ChatGPT rose to viral fame over the past six months, but it didn’t come out of nowhere. According to a blog post published by Microsoft on Monday, OpenAI, the company behind ChatGPT, reached out to Microsoft to build AI infrastructure on thousands of Nvidia GPUs more than five years ago.

OpenAI and Microsoft’s partnership has caught a lot of limelight recently, especially after Microsoft made a $10 billion investment in the research group that’s behind tools like ChatGPT and DALL-E 2. However, the partnership started long ago, according to Microsoft.
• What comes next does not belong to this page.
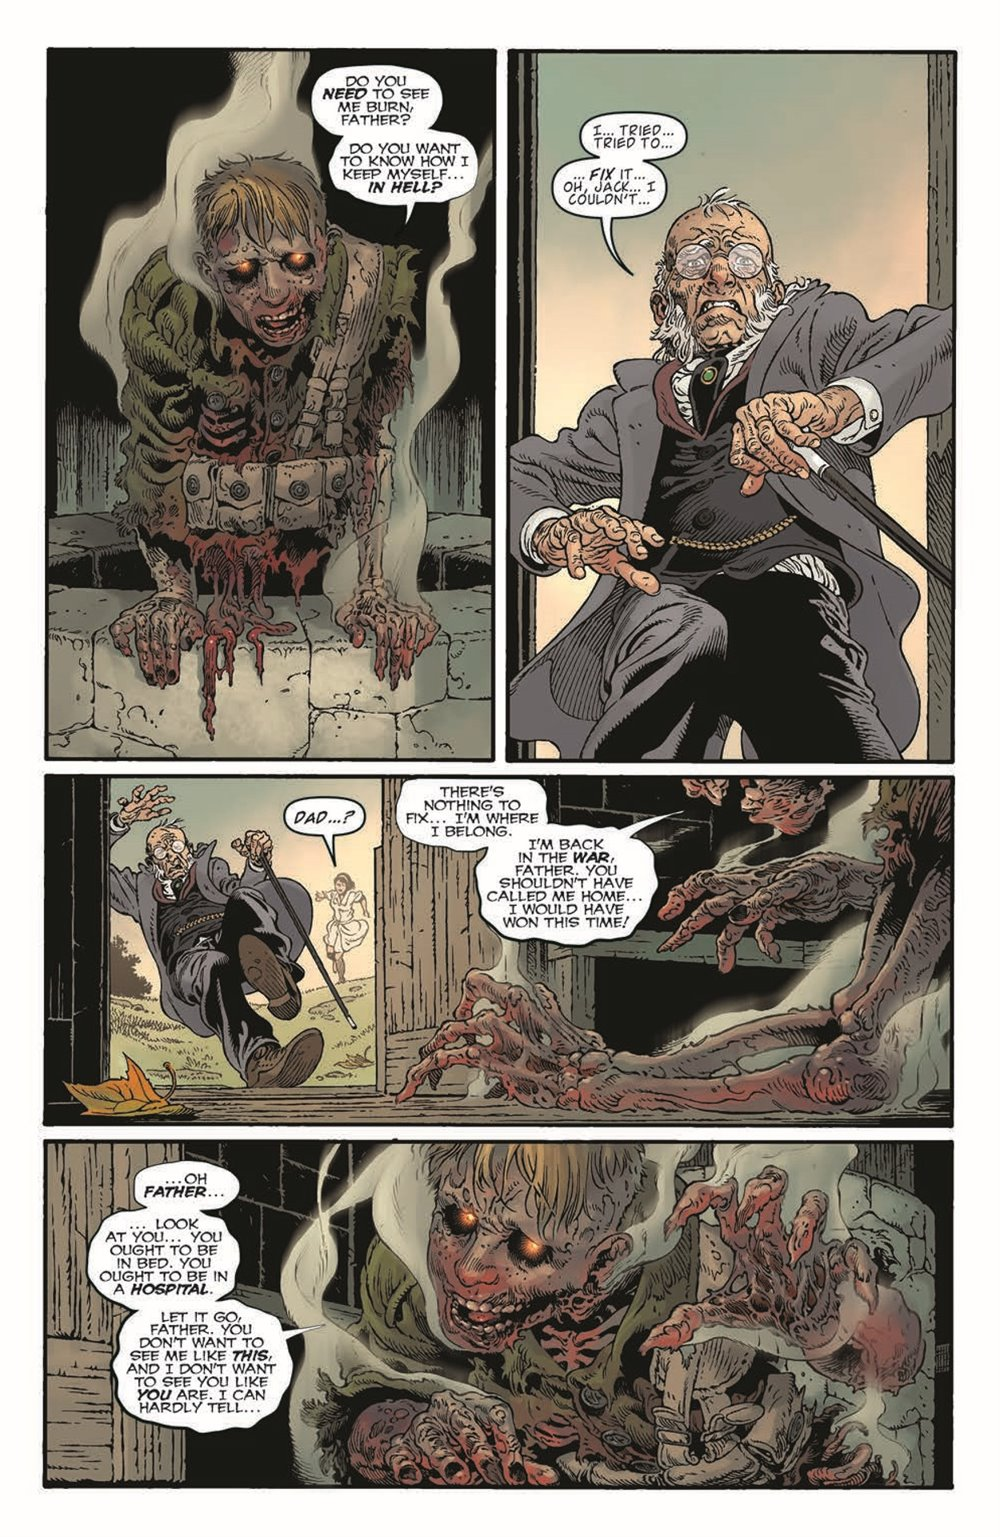 LnK-Sandman01_pr-4 ComicList Previews: LOCKE AND KEY THE SANDMAN UNIVERSE HELL AND GONE #1

Since then, Bloomberg reports that Microsoft has spent “several hundred million dollars” in developing the infrastructure to support ChatGPT and projects like Bing Chat.

Hopper H100 graphics card.
Image used with permission by copyright holder

Much of that money went to Nvidia, which is now in the forefront of computing hardware required to train AI models. Instead of gaming GPUs like you’d find on a list of the best graphics cards, Microsoft went after Nvidia’s enterprise-grade GPUs like the A100 and H100.

It’s not just as simple as getting graphics cards together and training a language model, though. As Nidhi Chappell, Microsoft head of product for Azure, explains: “This is not something that you just buy a whole bunch of GPUs, hook them together, and they’ll start working together. There is a lot of system-level optimization to get the best performance, and that comes with a lot of experience over many generations.”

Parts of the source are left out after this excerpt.